Sigma algebra proof in measure theory

[Redsummers]

Homework Statement

Let \mathcal{A} be σ-algebra over a set X, and μ a measure in \mathcal{A}.

Let A_{n} \in \mathcal{A} with \sum_{n=1}^{\inf} \mu(A_{n})< \inf
Show that this implies
μ ({x \in X : x \in A_n for infinitely many n}) = 0 .

The Attempt at a Solution

I don't even see how is the measure 0 if the measure of all A_n is a finite number...
I guess that the measure we want to show μ=0 is related with some kind of topology that makes it 0. What do they mean by

μ ({x \in X : x \in A_n for infinitely many n}) ?

"The measure of the points x in the set X s.t. x is an element of A_n (which the measure of A_n is finite) for infinitely many n."

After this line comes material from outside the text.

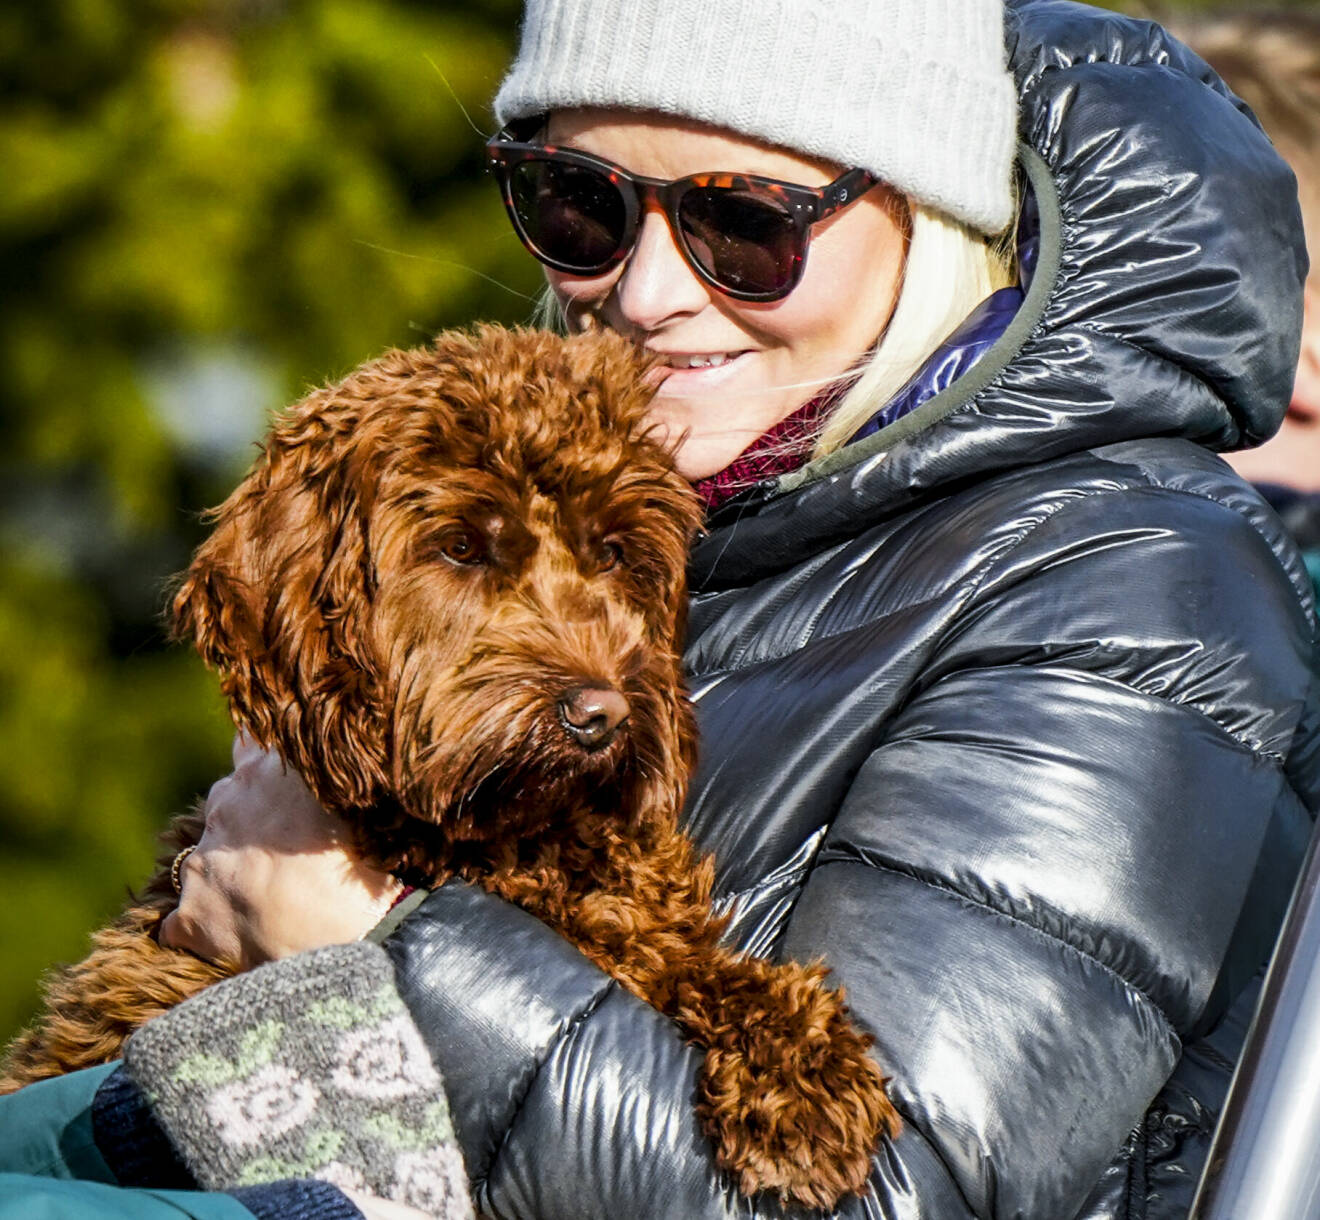 Kronprinsessan Mette-Marit i Holmenkollen med sin hund Molly Fiskebolle

I can't see how is this measure zero, so if I don't have a minimum intution I can't even attack the problem. Any suggestions?PS: which was the way to write LaTeX so that I can write something along a non-LaTeX text and still seem of the same size? i.e. how to make LaTeX text smaller.

 

[Redsummers]

Ah, nevermind. I got it.
You just prove it by defining A_n as a ring of a circle B_n. That is, B_n is going to converge, so will A_n. (And n goes up to infinity in the union.) Hope that's on the right track.